=== Collected material ===

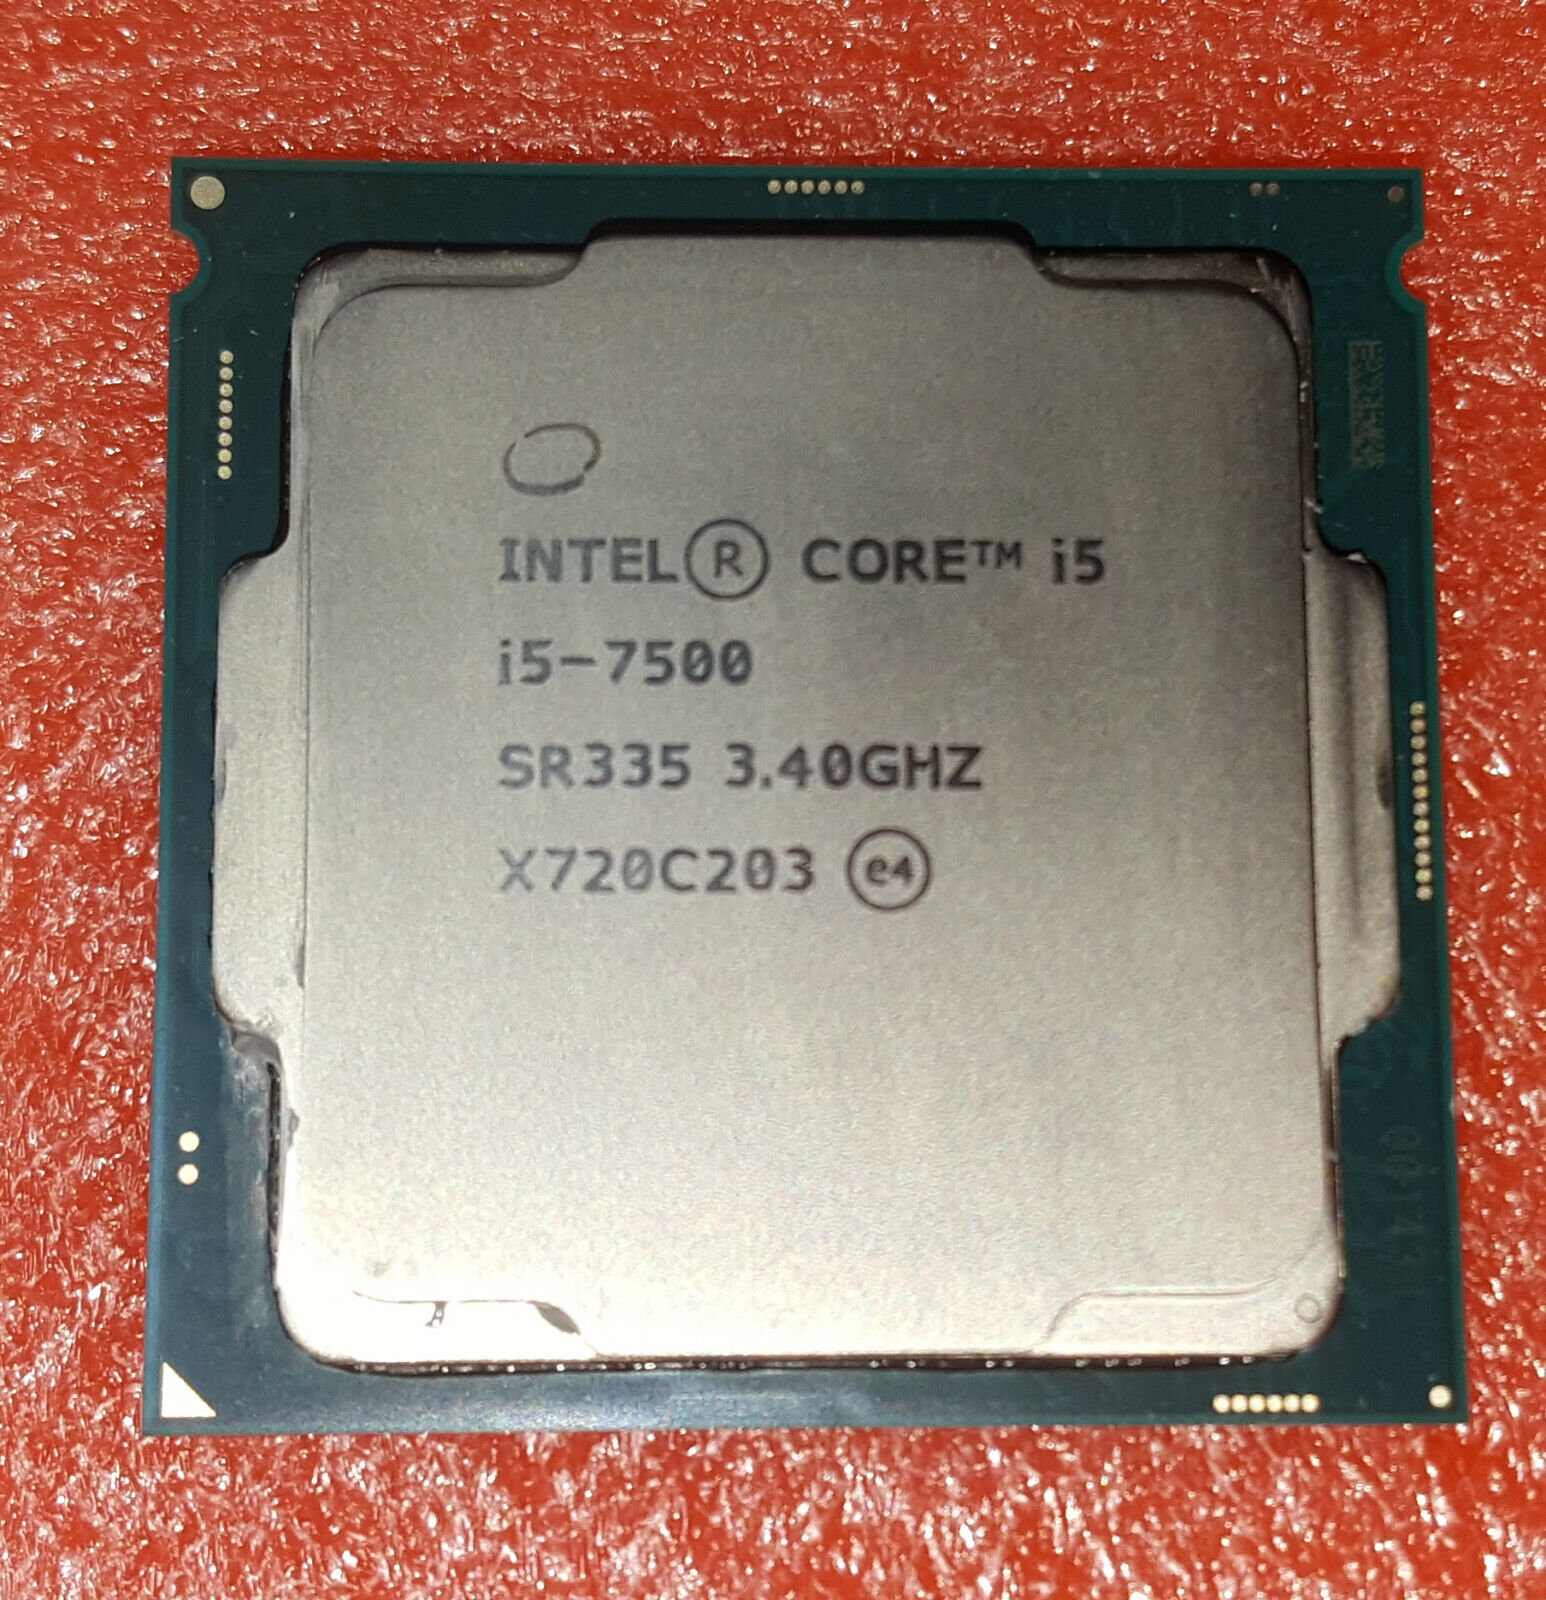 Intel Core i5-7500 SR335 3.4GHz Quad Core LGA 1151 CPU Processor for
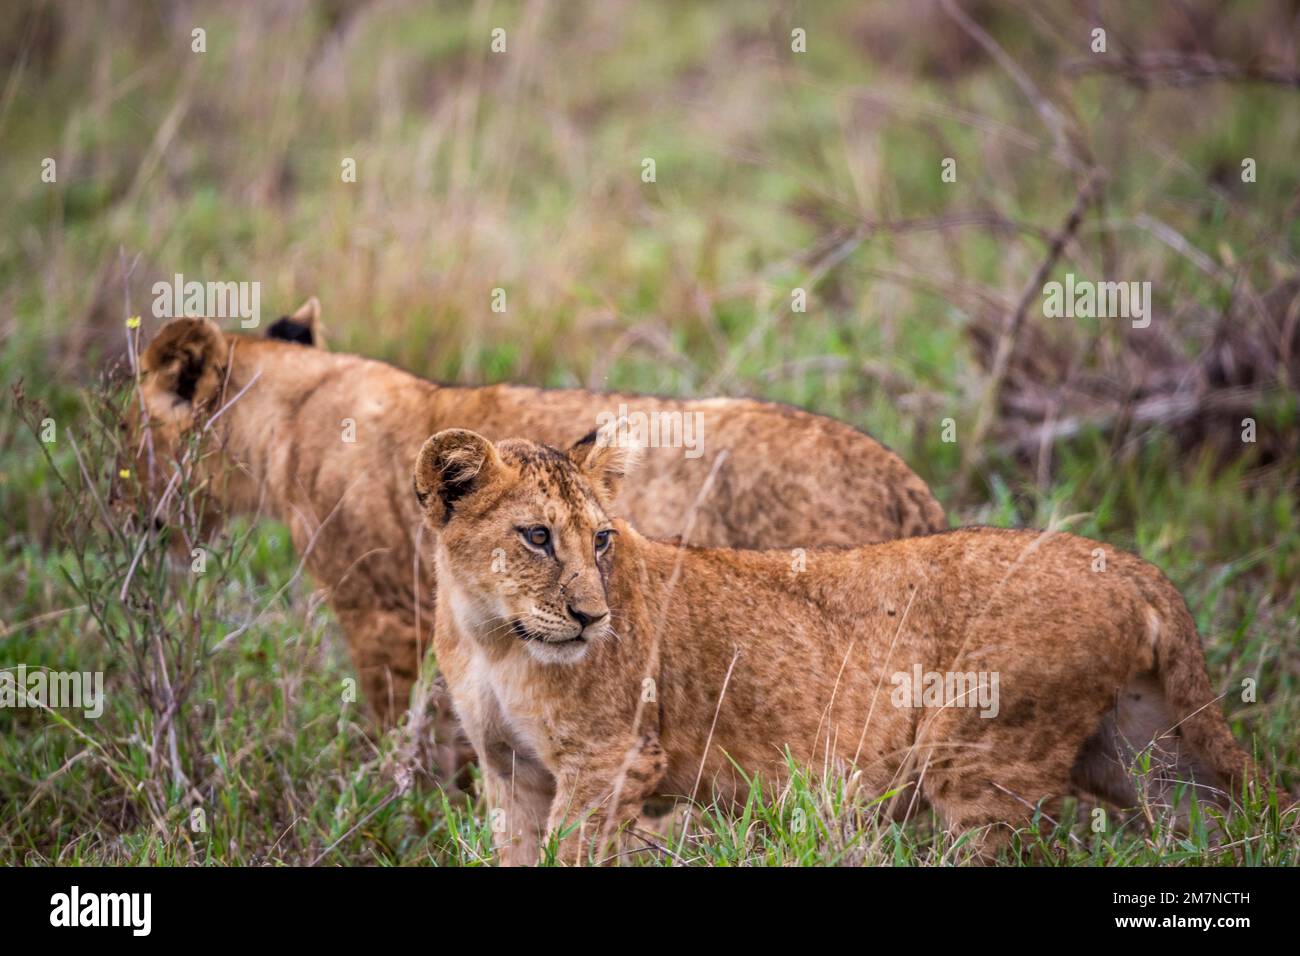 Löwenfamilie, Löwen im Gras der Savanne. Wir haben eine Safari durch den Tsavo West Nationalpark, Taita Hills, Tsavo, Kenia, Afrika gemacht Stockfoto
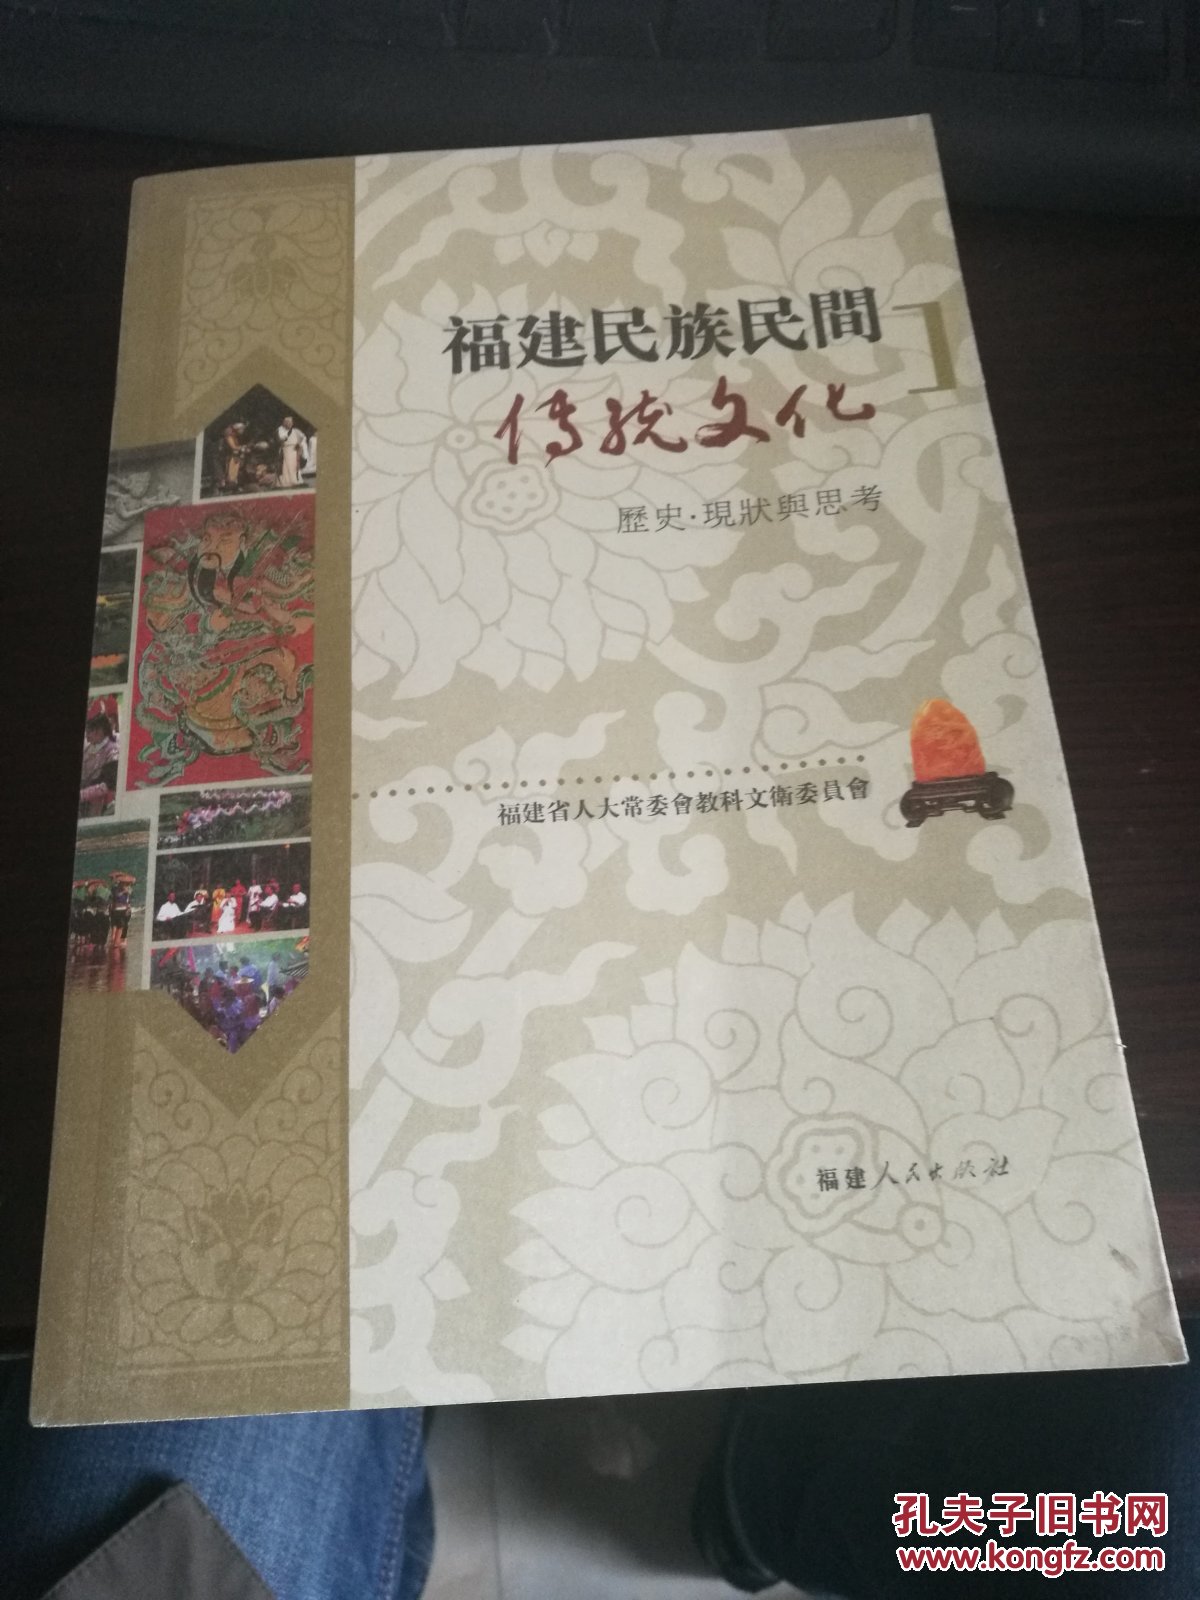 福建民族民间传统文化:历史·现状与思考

===

• What the task asks: Everything in the data above gets copied exactly. Only the pictures are skipped.

• Your response:
 Intel Core i5-7500 SR335 3.4GHz Quad Core LGA 1151 CPU Processor for
 Löwenfamilie, Löwen im Gras der Savanne. Wir haben eine Safari durch den Tsavo West Nationalpark, Taita Hills, Tsavo, Kenia, Afrika gemacht Stockfoto
 福建民族民间传统文化:历史·现状与思考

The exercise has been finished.